As the three women headed towards the door, Styles came up to join them.

“Do you mind if I come with you?” he asked, pulling on a bright red windbreaker over an equally red shirt. “I could do with a few hours away from the children. They’re wonderful kids, but they are still children, and I’m the arbiter of all their disputes. It’s not a role I expected in life, and it’s not getting much easier with practice.”

“You’ve been out before?” Nilda asked.

“You mean fighting the undead? Sure. It’s easy enough. You just keep your distance.  Do you want me to round up some more people?”

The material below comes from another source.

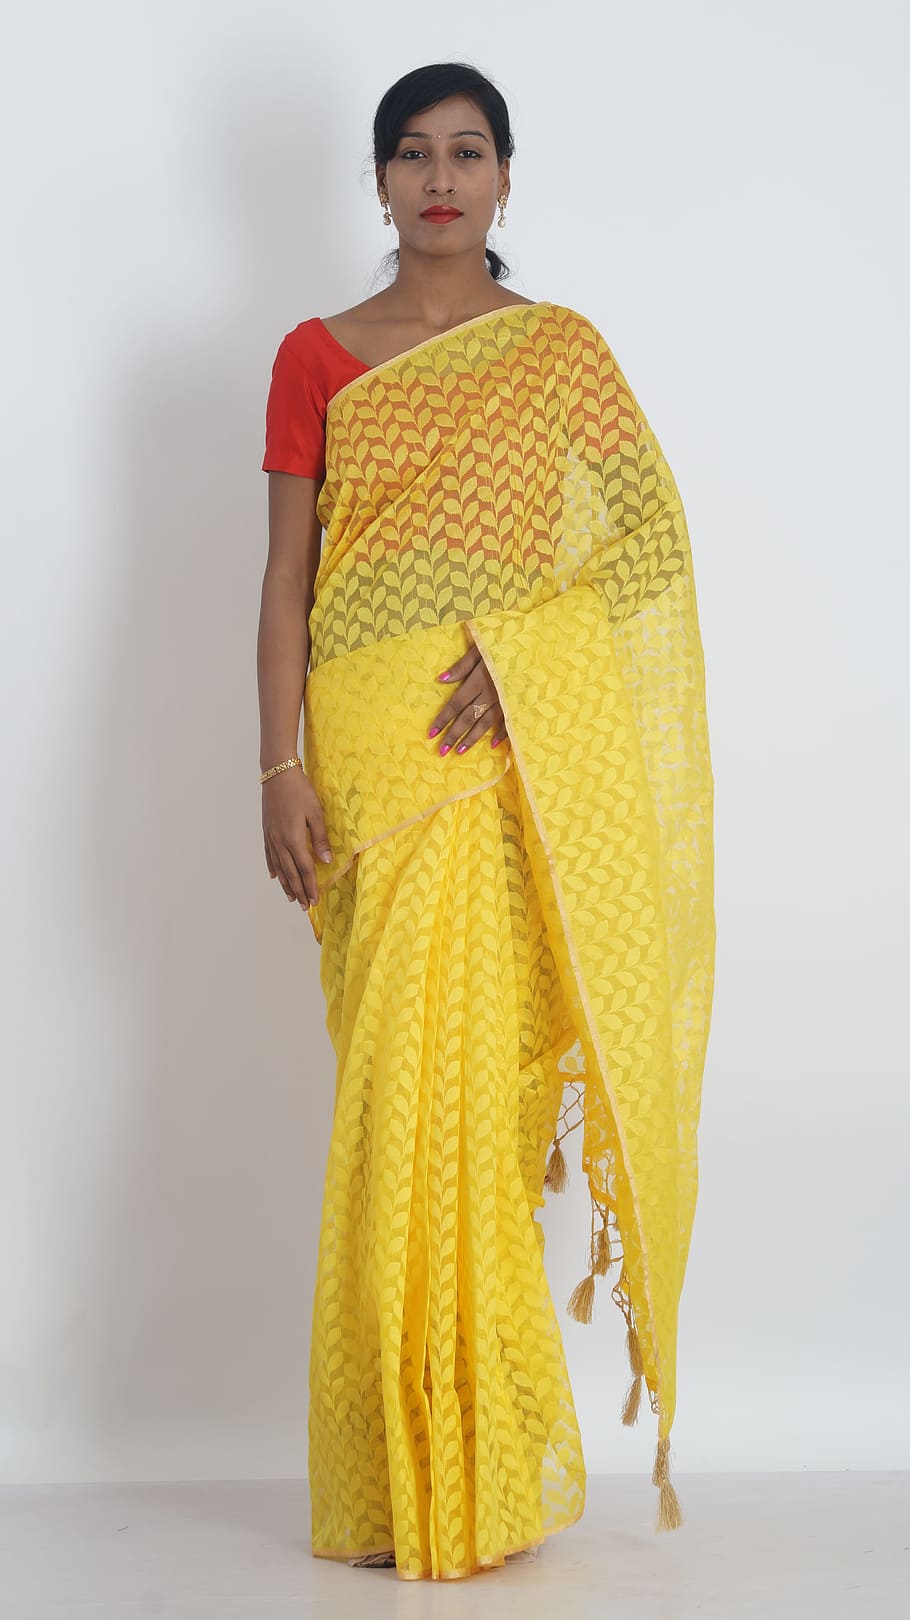 Sarees, Cor amarela, Saris, Womens, Desgaste, saris de cor amarela, desgaste das mulheres, vestuário indiano, tradicional, amarelo
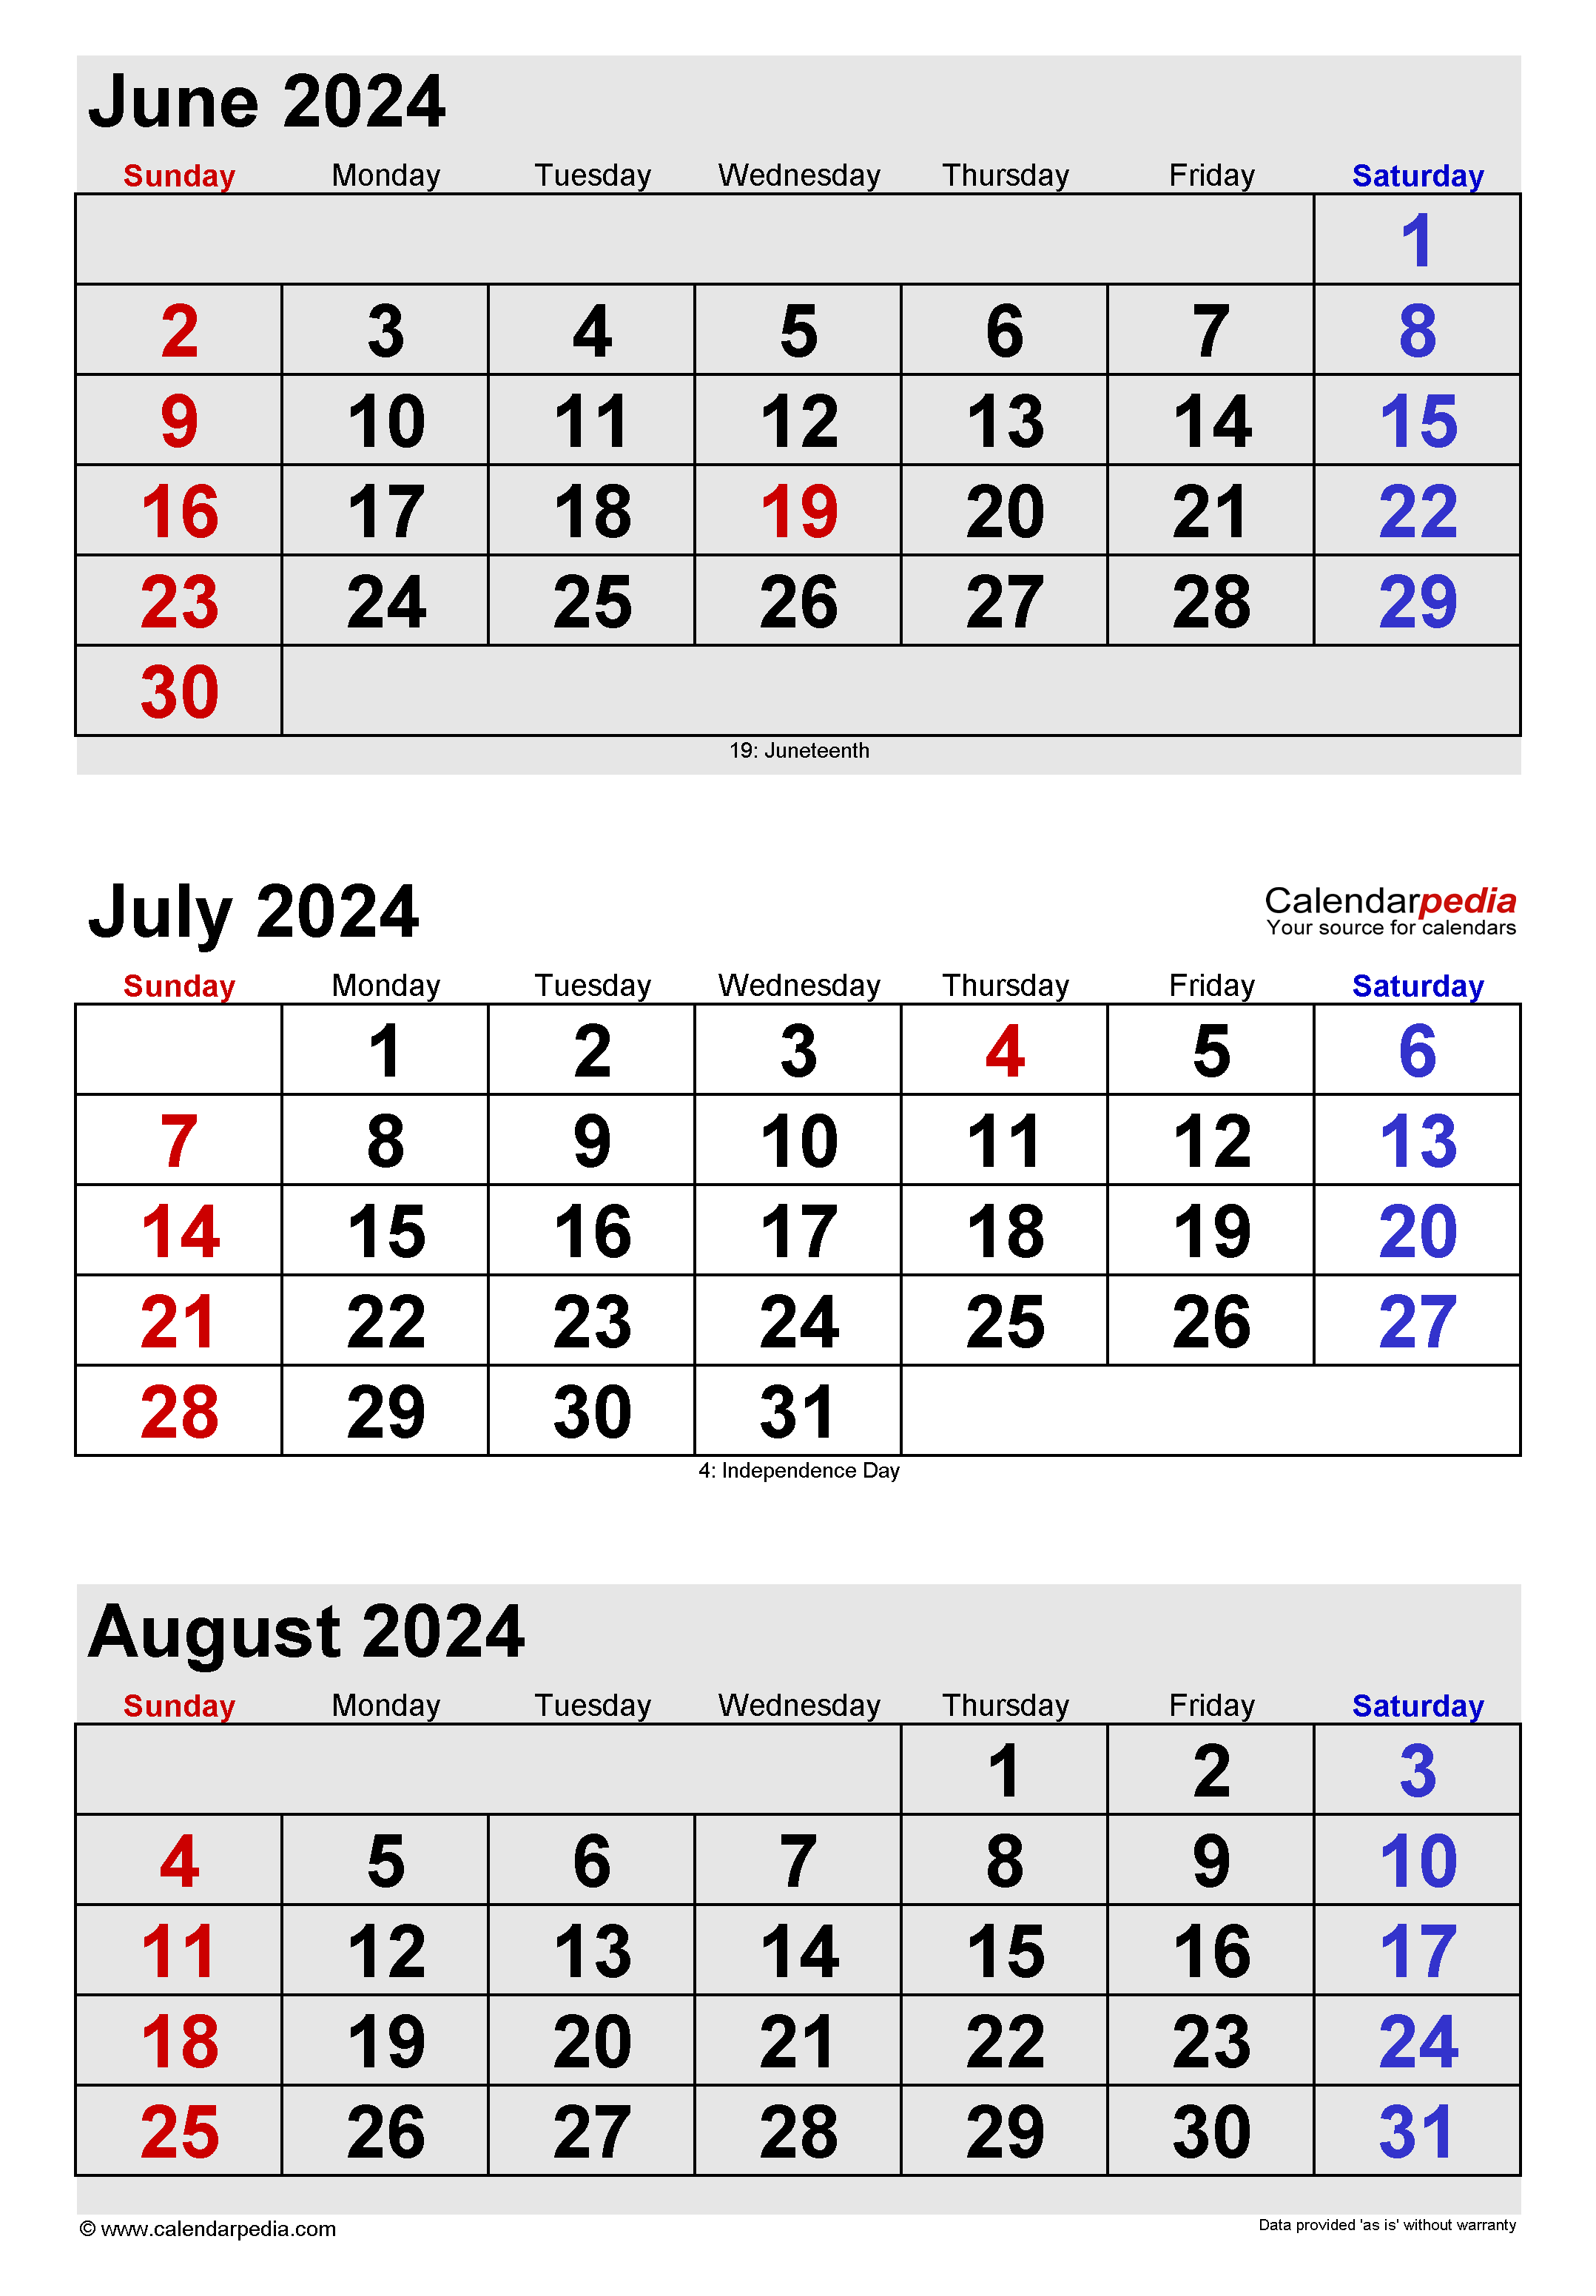 August 2024 July 2024 Calendar Printable 2024 CALENDAR PRINTABLE - Free Printable 2024 Calendar By Month July

“The four of us should be enough,” Nilda said. “I think this is more of a reconnaissance mission than anything else.”

 

The tide carried them past the floating hulk of HMS Belfast, and the oars brought them near the bank. They kept heading west towards the ruined remains of London Bridge, reaching a ladder fifty metres away from the first section of partially submerged wreckage.

From the images they’d taken with the drone a few weeks before, they knew the area immediately above the steps had been free of the undead. But a few weeks was a lifetime. Nilda had considered flying the ‘copter over the southern side of the river again, but hadn’t wanted to rouse any zombies lurking nearby. As Styles tied the raft to a rung a foot above the water line, she listened. There was something, that indefinable grating susurrus that told her the moving undead were nearby. She raised a warning hand, touched her ear, and pointed up the steps. The others stopped moving as their eyes darted between her and the wall. Either it wasn’t loud or it wasn’t close, but she couldn’t tell which. Either way, it didn’t represent an immediate danger to the four of them. She gestured to herself, then the steps, then the other three. Wishing, and not for the first time, that she knew sign language, she reached for the ladder.

The rungs were slick, covered in a thin damp moss that squelched with every hand’s grip and foot’s downward pressure. The noise from the bank grew. When she got to the top and pulled herself up and over, she saw four creatures moving towards her.

She drew the sword, swinging it high, left to right, missing all but one, and only scoring a line against that creature’s throat. Changing her grip, she hacked low at a knee, using the momentum to sidestep away from the ladder. The zombie staggered but managed to keep its feet, and the rest of the creatures were moving towards her until Yvonne appeared at the top of the ladder. Two zombies turned to face her as she jumped down to the path, axe raised. Nilda stepped forward, hacking down at a head, stepping back, and then stabbing forward. Another backward step, a savage downward cut, and the blade cut deep into flesh as, to her left, Styles smashed his crowbar down on the last creature’s head.

Nilda breathed out, looking around. There were two buildings to either side separated by a one-lane road across which a pair of ambulances had been parked, or perhaps abandoned, blocking access to the river. A slab of masonry had fallen from a gaping hole in the sixth floor of the building to the west, landing on the vehicles. Other debris had followed, creating a crude wall around nine feet high. She looked up. The Shard seemed to stretch to the clouds.